Like in the sink experiment, hurricanes have an initial angular momentum: the Coriolis effect, or the rotation of the Earth. If this force was absent like at the equator and the air can’t rotate which means the genesis of a tropical cyclone is impossible. This is analogous for hurricanes because winds have angular momentum (the differences between air and water can be disregarded in this case). Winds spiral towards the eyewall of the hurricane. The conservation of angular momentum allows a hurricane to spin faster as it moves towards the center of circulation—although not certain, one of the reasons behind the formation of the eye—and it requires wind speed to increase as the wind’s distance from the center decreases. Once the sink is plugged up or the hurricane hits land, they lose power because their energy source is depleted.
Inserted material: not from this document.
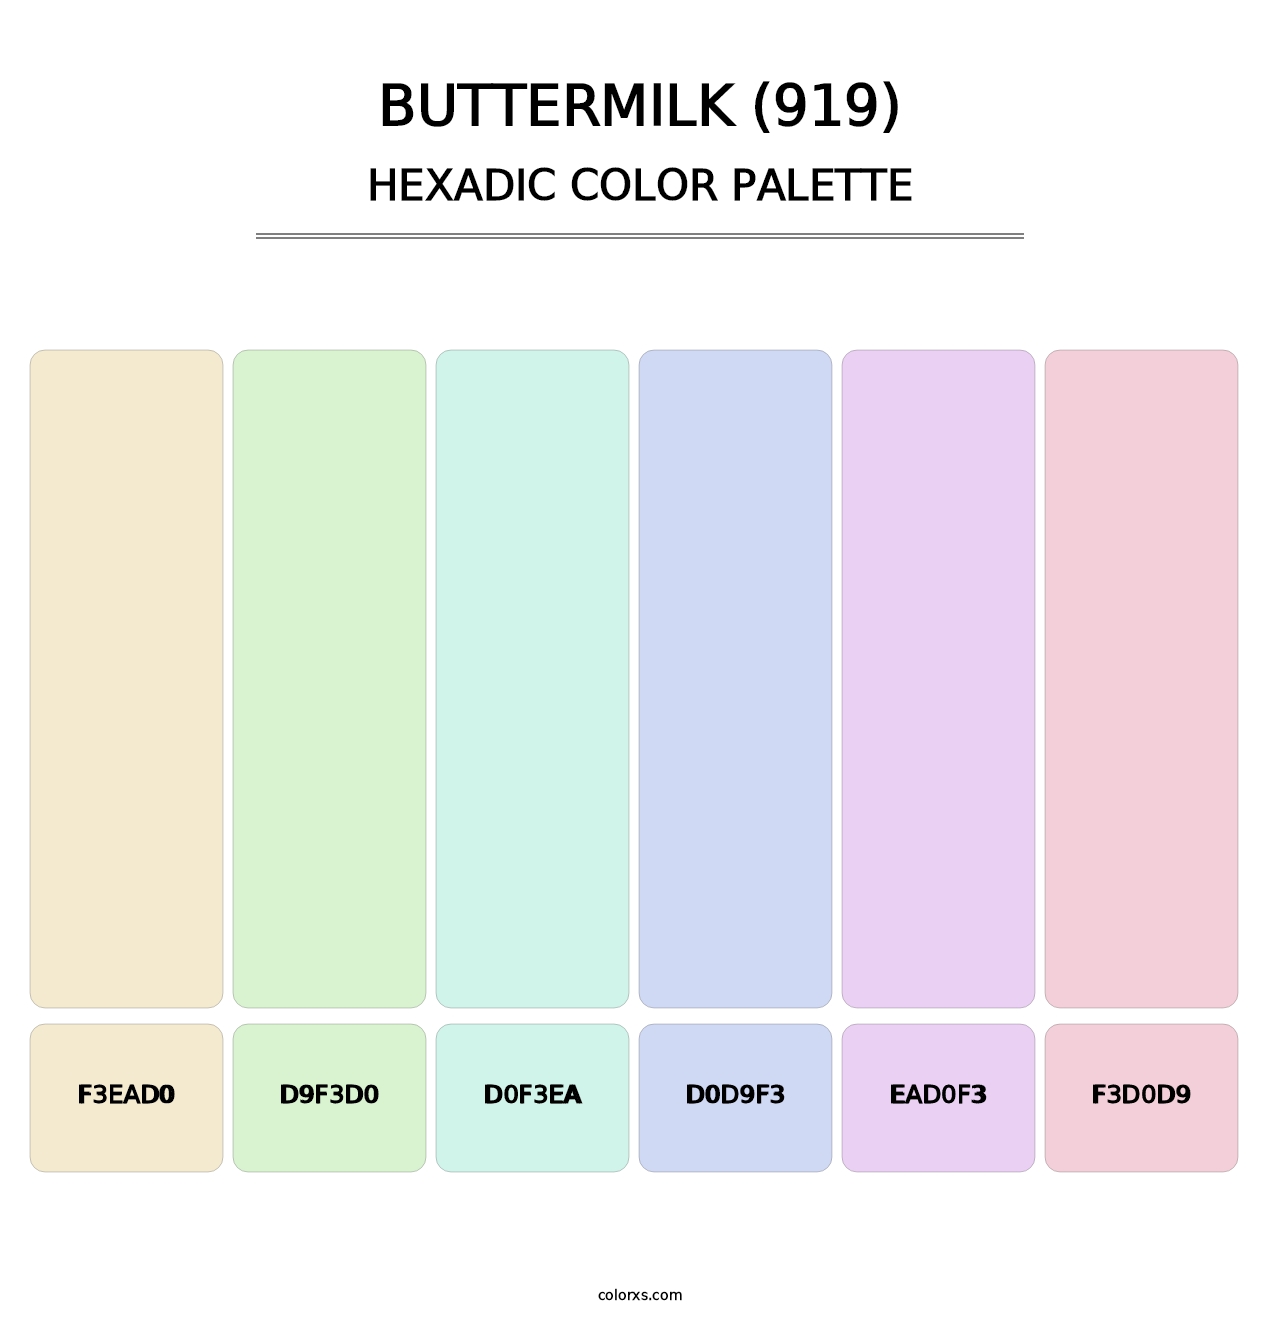 Buttermilk (919) - Hexadic Color Palette
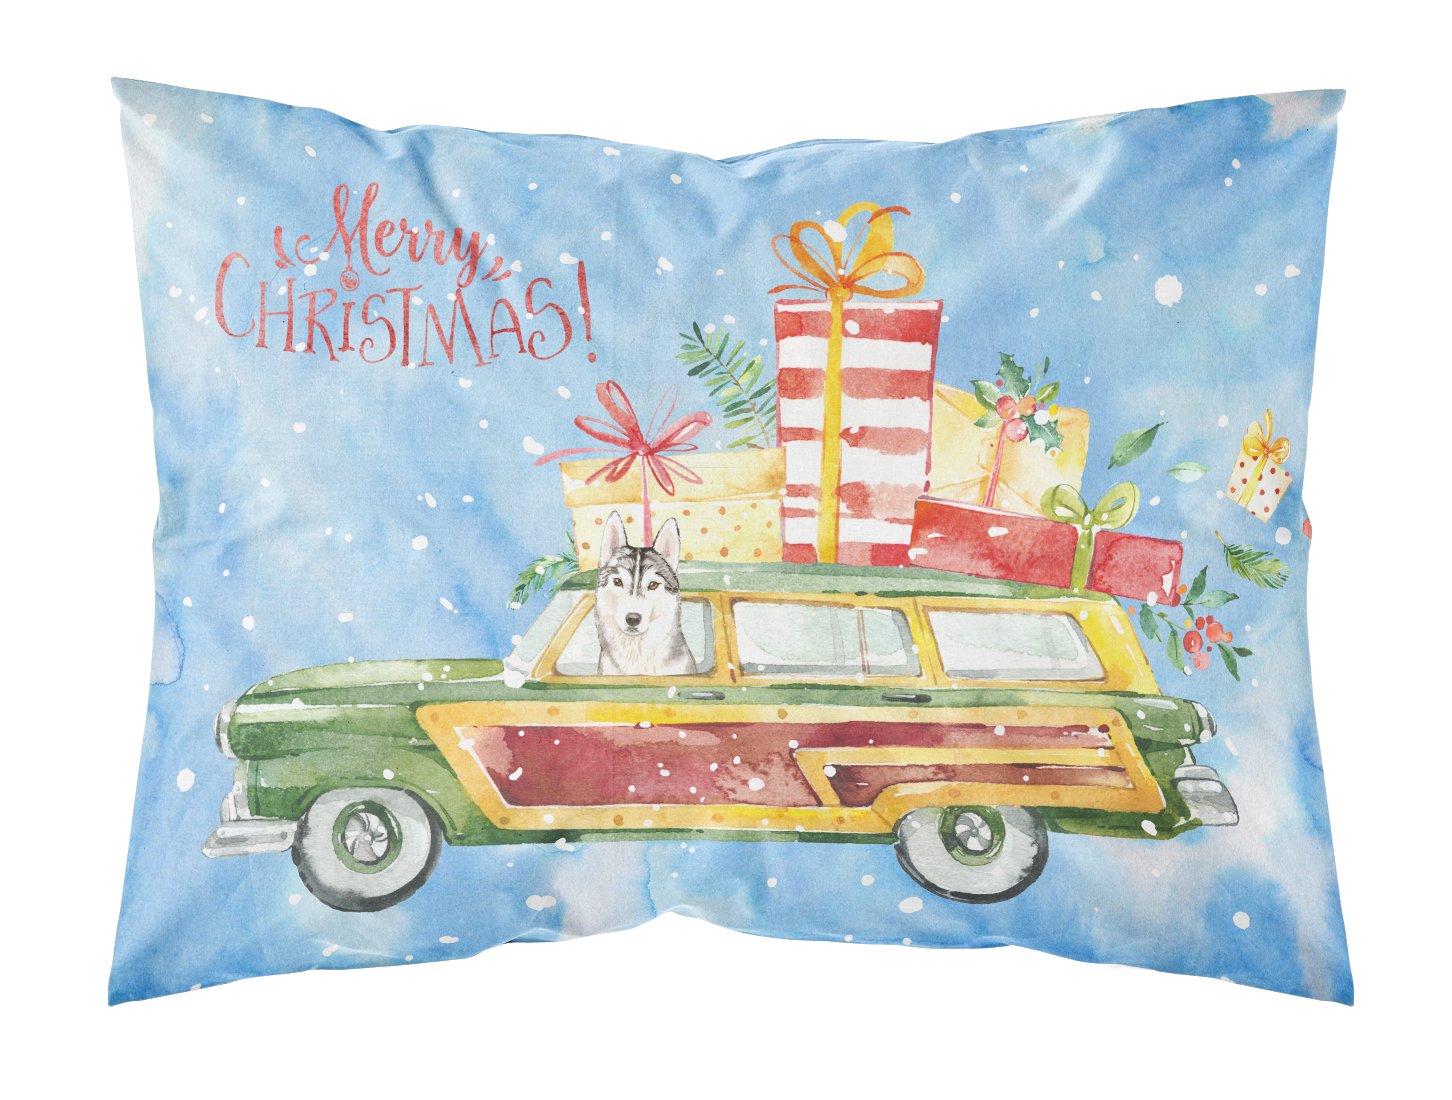 Merry Christmas Siberian Husky Fabric Standard Pillowcase CK2424PILLOWCASE by Caroline's Treasures

In the non-rotating case, we did not observe swirling of dye around the sink. However, as long as the Earth underneath the tank is rotating (which it is), in principle it should be possible to observe a swirling motion in a similar experiment. How would you design an experiment to increase the chance to observe a swirling motion around a sink without rotating the tank or tweaking the shape of sink?
It is within the realm of reason to design an experiment to observe the Coriolis effect. In order to do so, the draining of the sink must be drastically slowed down to the extent of where the Earth’s rotation could have an effect on the water. In the demonstration in the lab, the sink water was drained too quickly. However, in hurricanes the Coriolis effect is obvious in the swirl because they last for several days to over a week. Since the Earth needs one day’s time to make one rotation, then the Coriolis effect occurs with the earth’s rotation. Therefore, the sink experiment must last for at least one rotation of the Earth (one day) in order to produce an observable effect.
The specific design would include a very large tank of water with relatively small drain to let water out slowly. The water will continue to steadily drain for several days so the Earth has completed several revolutions also; hence, the swirl of the water would mimic that of hurricanes.